■ TASK DETAILS ■
Write out the listing below in full and exactly, leaving out every picture.

■ SUPPLIED DATA ■
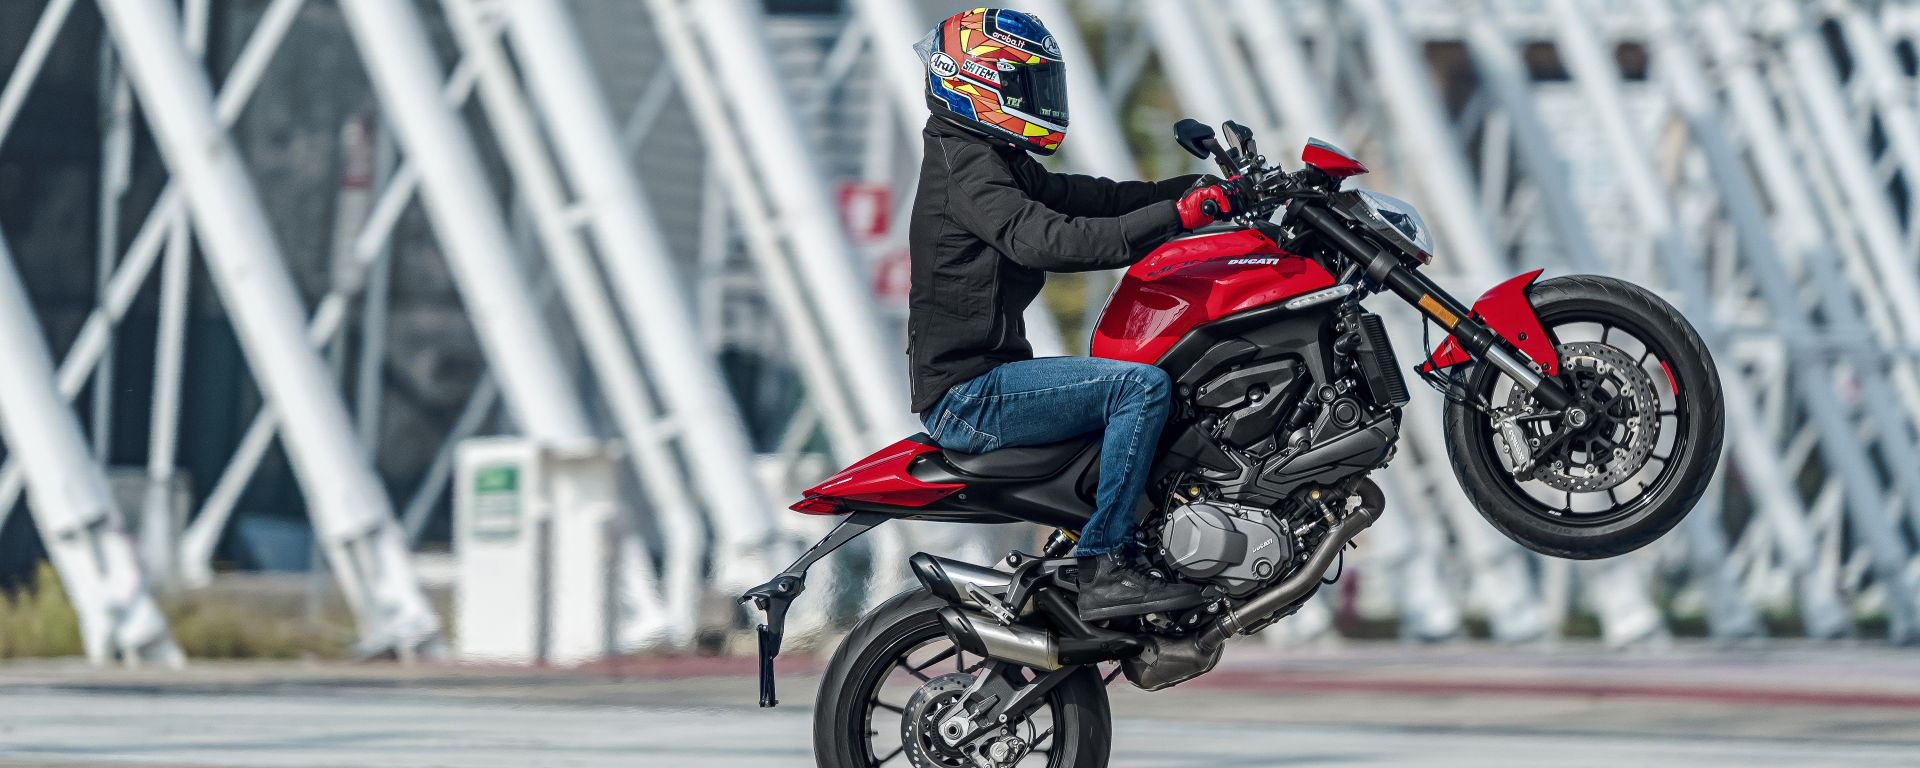 Senza traliccio non è un Ducati Monster! O forse no?
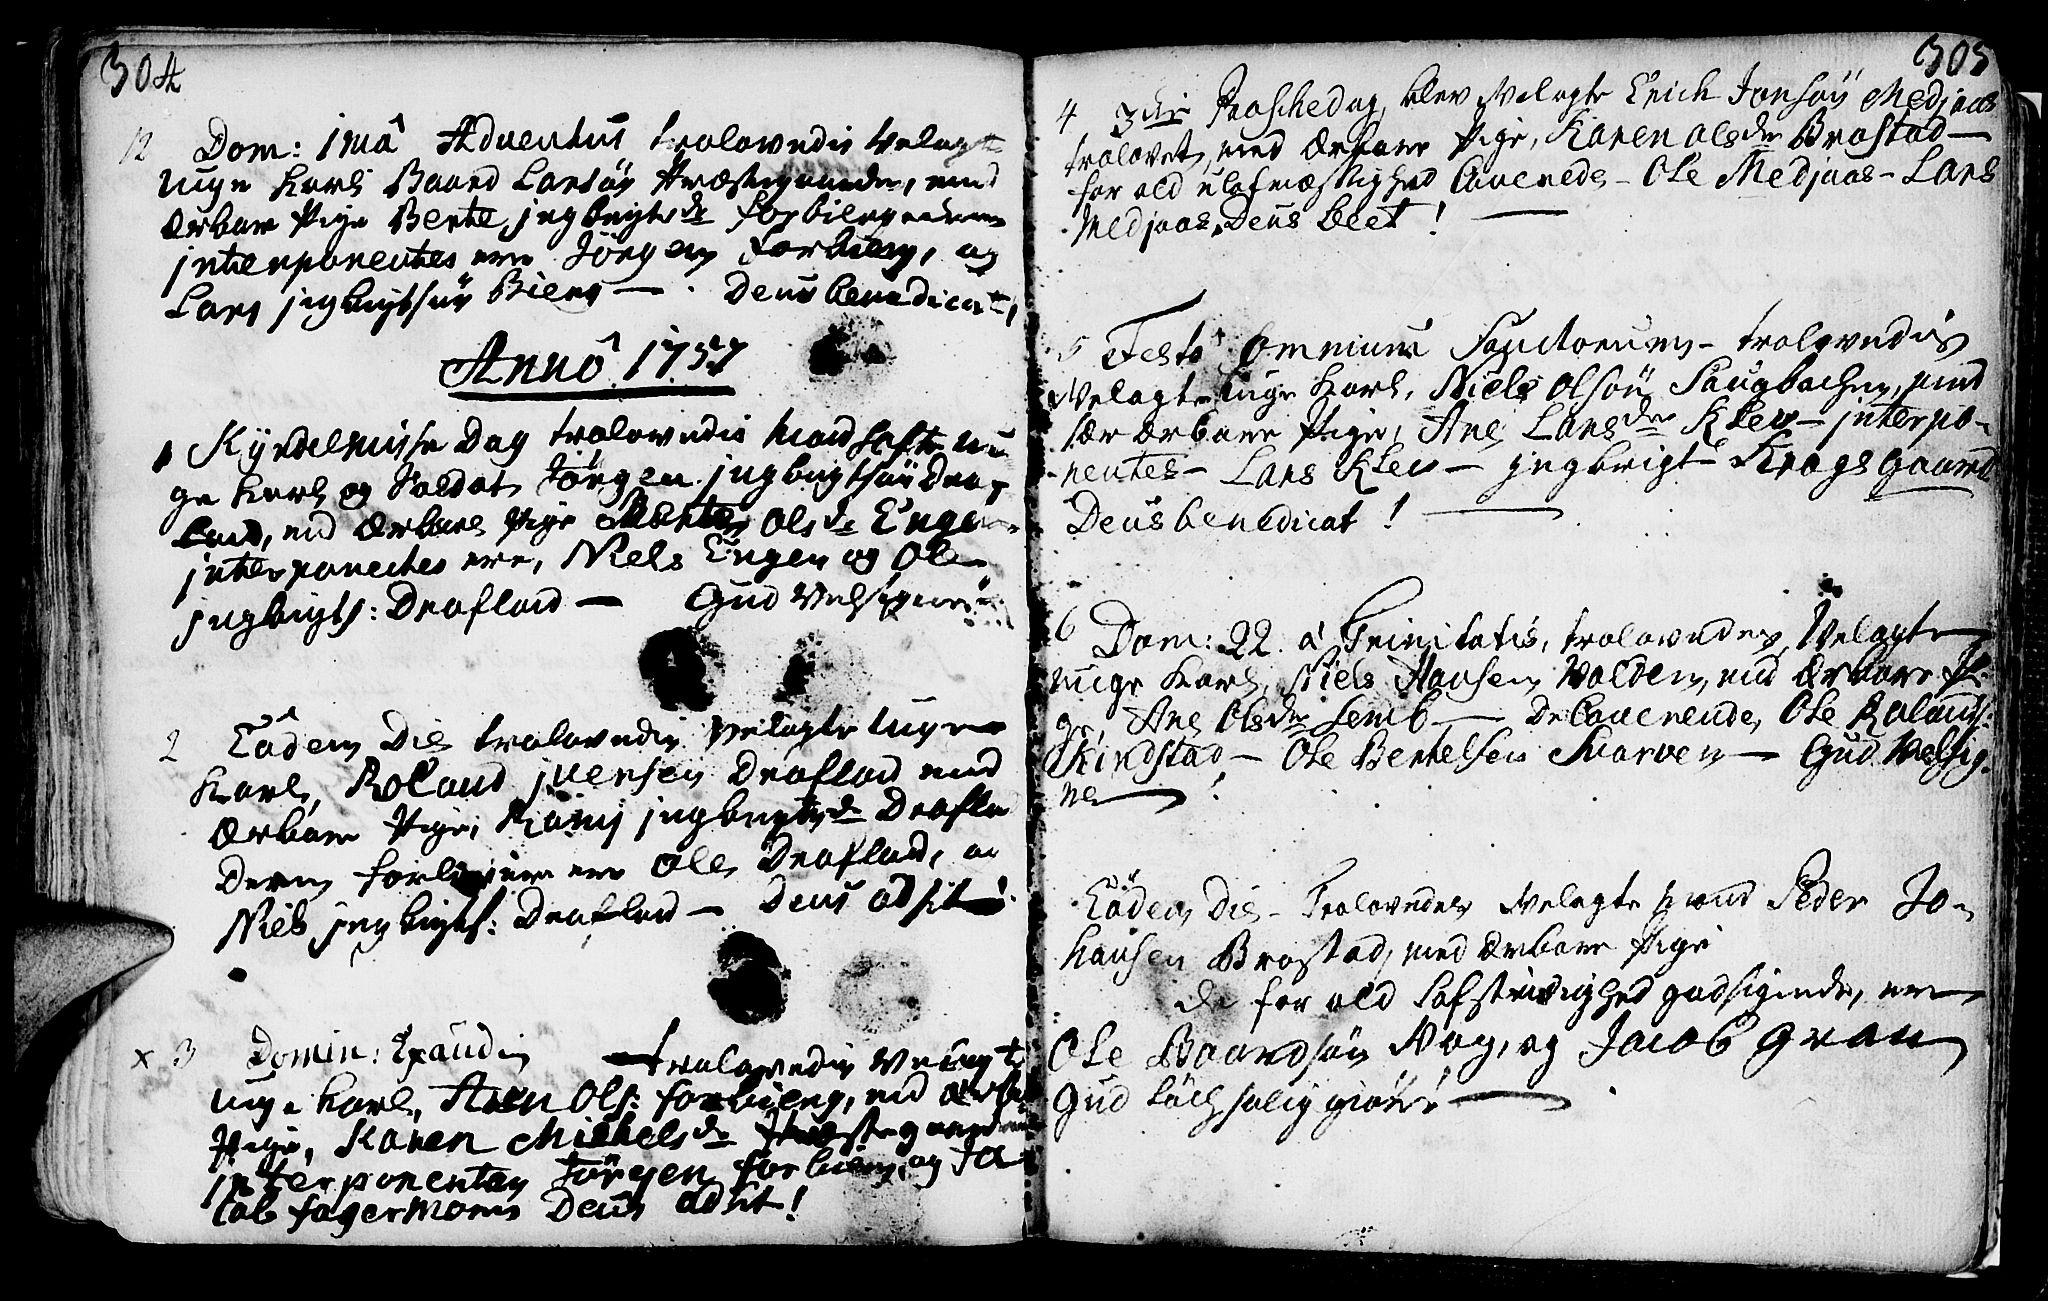 SAT, Ministerialprotokoller, klokkerbøker og fødselsregistre - Nord-Trøndelag, 749/L0467: Ministerialbok nr. 749A01, 1733-1787, s. 304-305
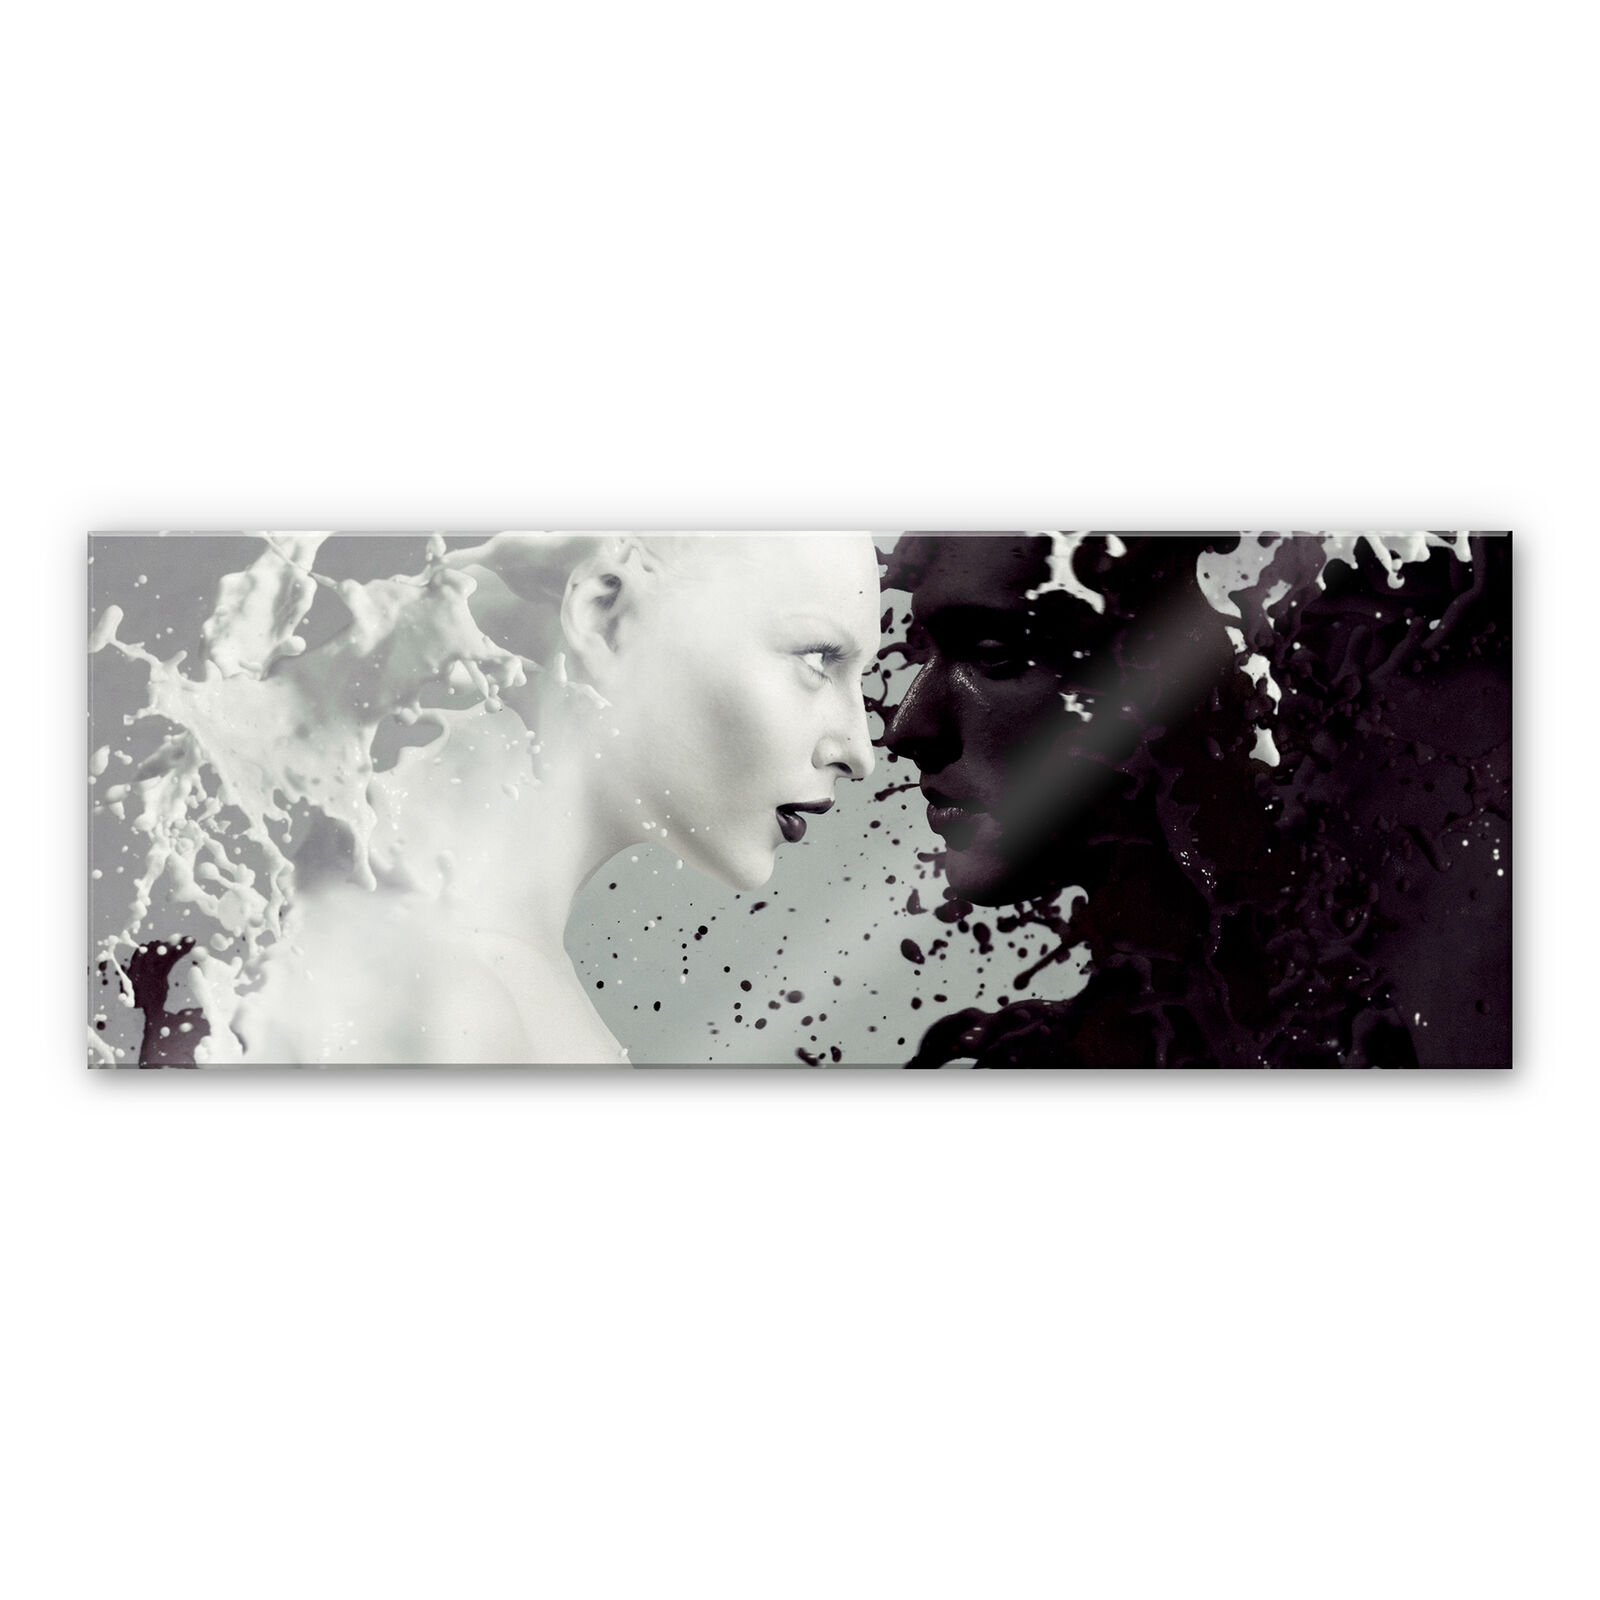 Vetro acrilico immagine MILK & COFFEE-PANORAMA NERO BIANCO BIANCO BIANCO MURO immagine immagine Decorazione 3d e70bf6

■ RESULT FOR THIS EXERCISE ■
 Senza traliccio non è un Ducati Monster! O forse no?
 SAT, Ministerialprotokoller, klokkerbøker og fødselsregistre - Nord-Trøndelag, 749/L0467: Ministerialbok nr. 749A01, 1733-1787, s. 304-305
 Vetro acrilico immagine MILK & COFFEE-PANORAMA NERO BIANCO BIANCO BIANCO MURO immagine immagine Decorazione 3d e70bf6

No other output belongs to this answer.